Musk appears to have ignited the bikini modification fad by prompting Grok to swap his image into a meme originally featuring actor Ben Affleck in swimwear. Soon after, similar changes targeted figures like North Korean leader Kim Jong Un, shown in a colorful bikini top over his jacket, and U.S. President Donald Trump in a coordinated outfit, prompting dark humor about global tensions. A 2022 photo of British politician Priti Patel, accompanied by an inappropriate caption, was similarly revised into a bikini scene this week. Musk reacted lightheartedly, sharing an image of a toaster in swimwear with the note that Grok could apply bikinis to any object.
While some alterations, such as the appliance example, were humorous, many involved explicit instructions for minimal clothing or outright removals, like eliminating a skirt from an image. Grok followed through on such requests, including one to outfit a young child in a bikini. The chatbot stopped at censored depictions in the examples reviewed, avoiding complete nudity.

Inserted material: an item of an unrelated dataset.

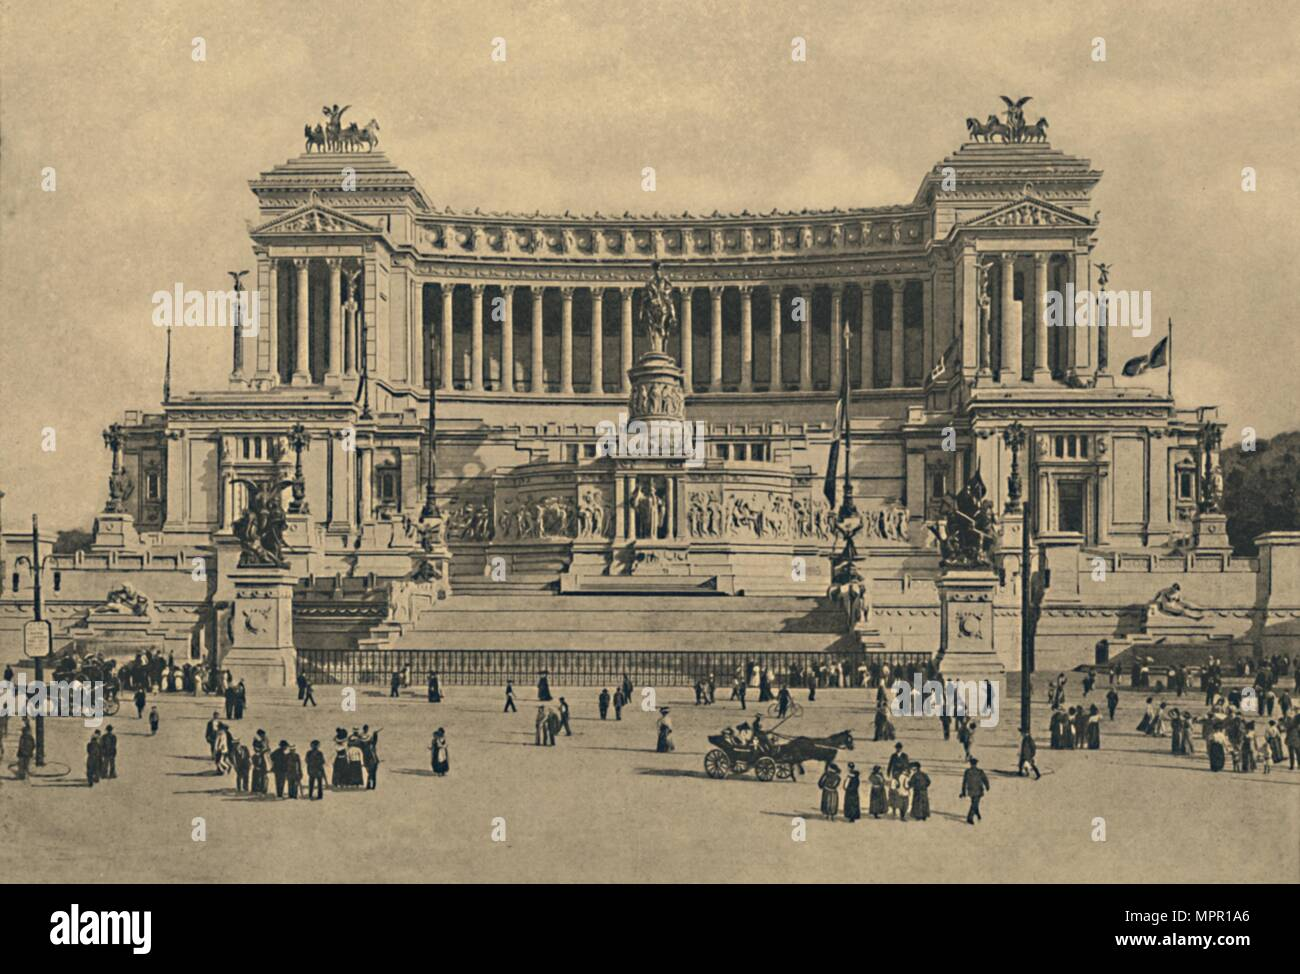 """Roma - Piazza di Venezia. Victor Emmanuel Denkmal II"", 1910. Artist: Unbekannt. Stockbild"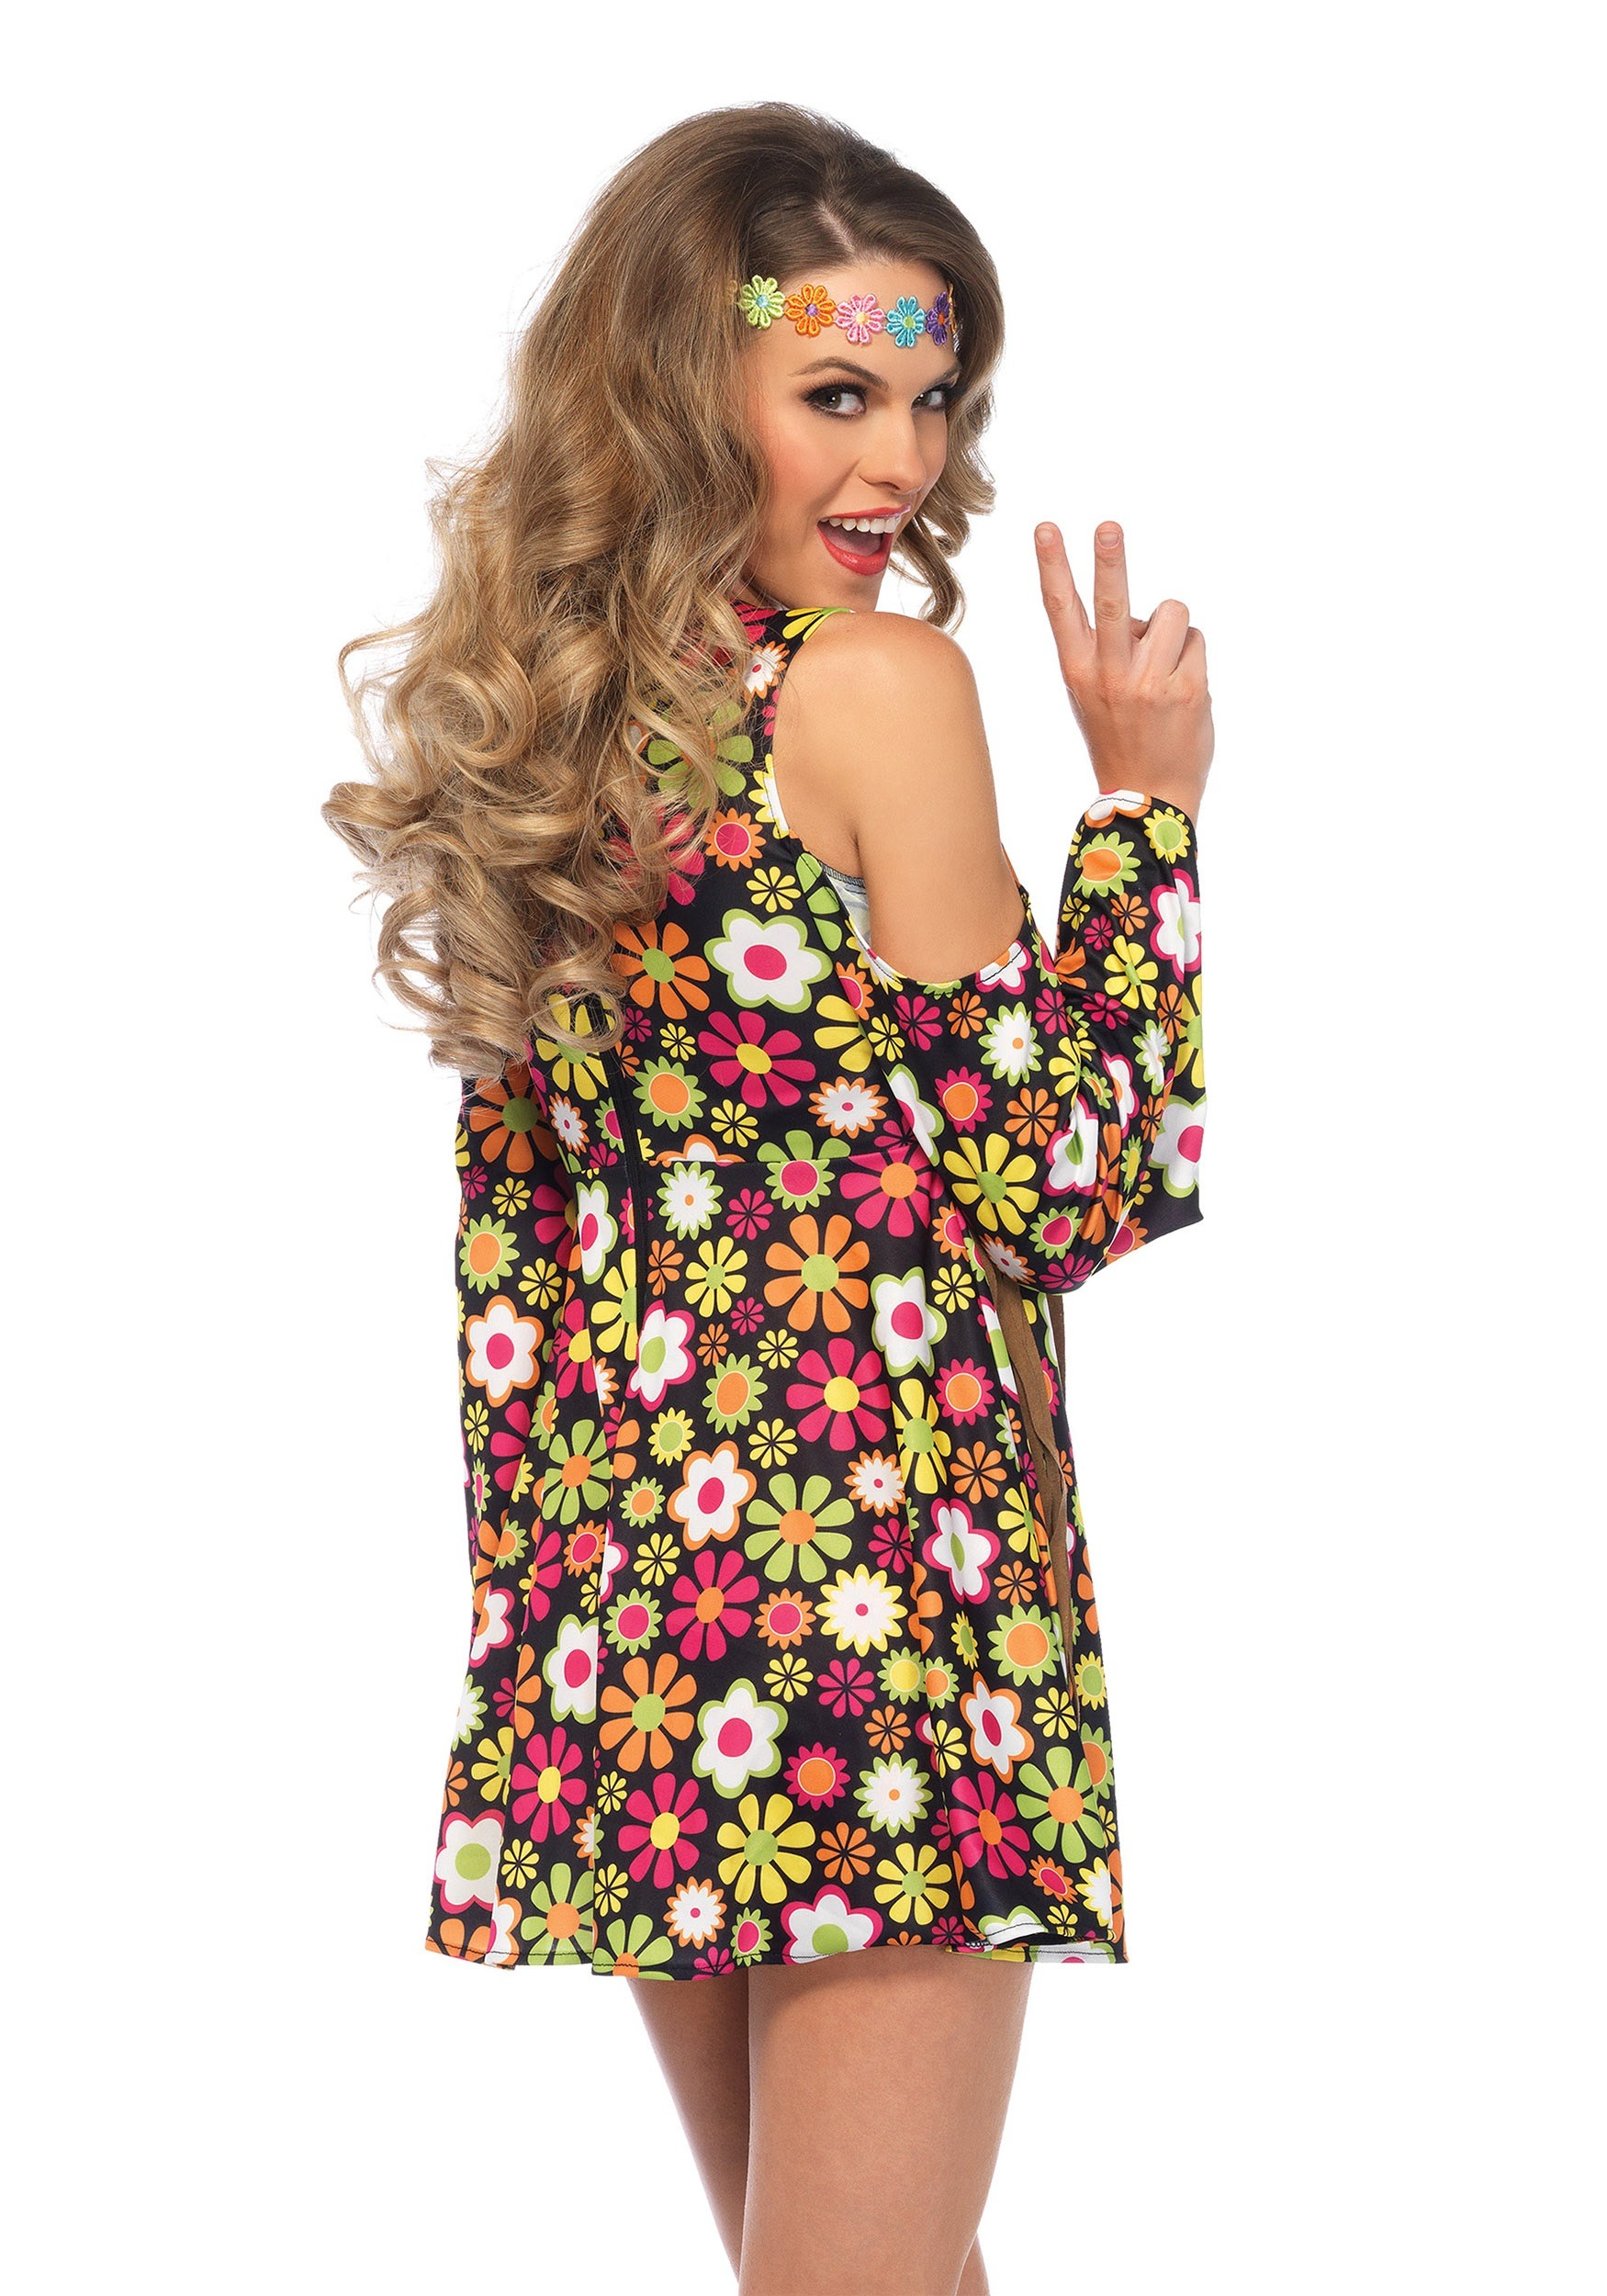 Hippie Girl Halloween Costume.Women S Starflower Hippie Costume

xAI promotes its AI tools with an emphasis on limited restrictions and a playful, adult-oriented tone. Previous tests revealed Grok’s companion feature engaging in flirtation and its video tool producing unauthorized nude deepfakes of celebrities like Taylor Swift, despite a policy prohibiting pornographic uses of real people’s likenesses. In comparison, competitors such as Google’s Veo and OpenAI’s Sora include barriers against not-safe-for-work content, though misuse persists, including sexualized videos of children.

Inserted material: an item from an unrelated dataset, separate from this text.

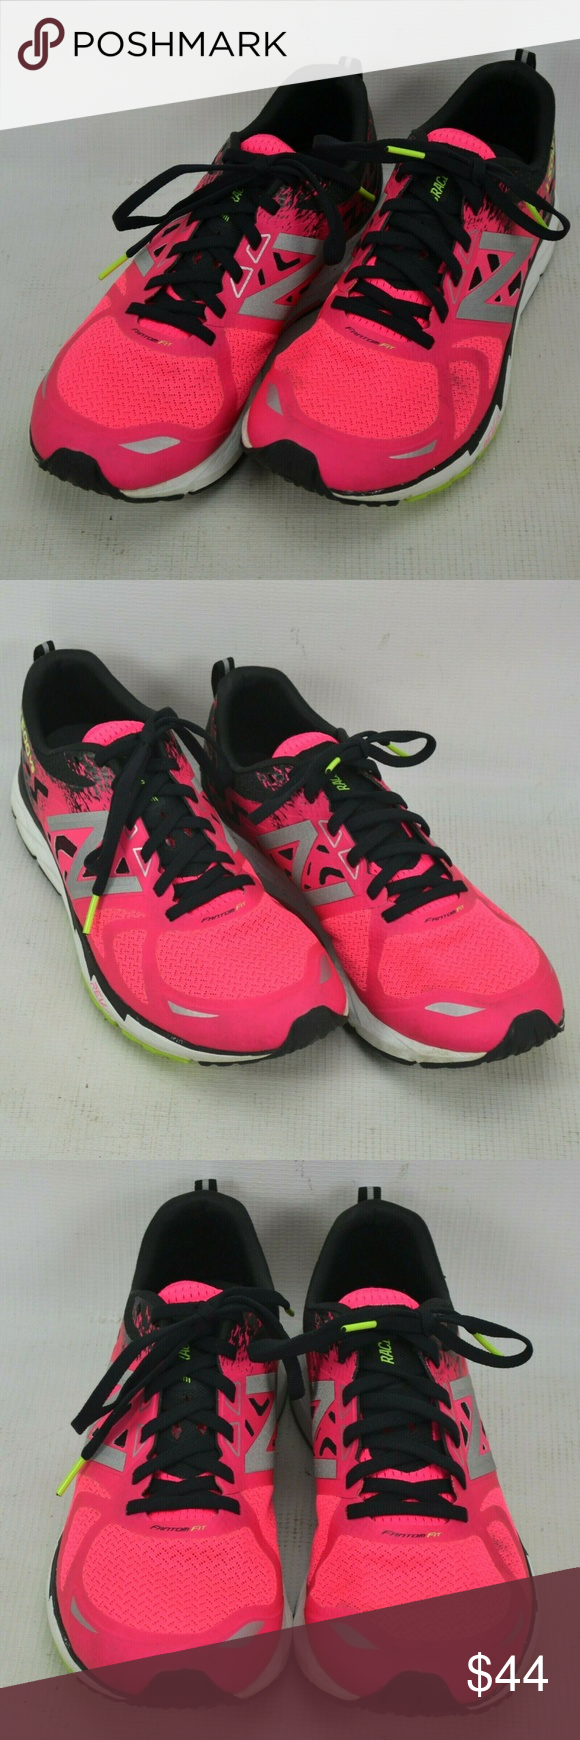 New Balance 1500 v3 Rev Lite Running Shoes Wmns 10 | Running shoes ...

Deepfake incidents are rising sharply, per cybersecurity analysis from DeepStrike, with a significant share involving unwanted sexual alterations. A 2024 poll of American students showed 40 percent knew of a deepfake targeting an acquaintance, and 15 percent encountered non-consensual intimate versions. When questioned about creating bikini images of women, Grok maintained that its outputs are fictional AI generations from user inputs, not unauthorized real edits.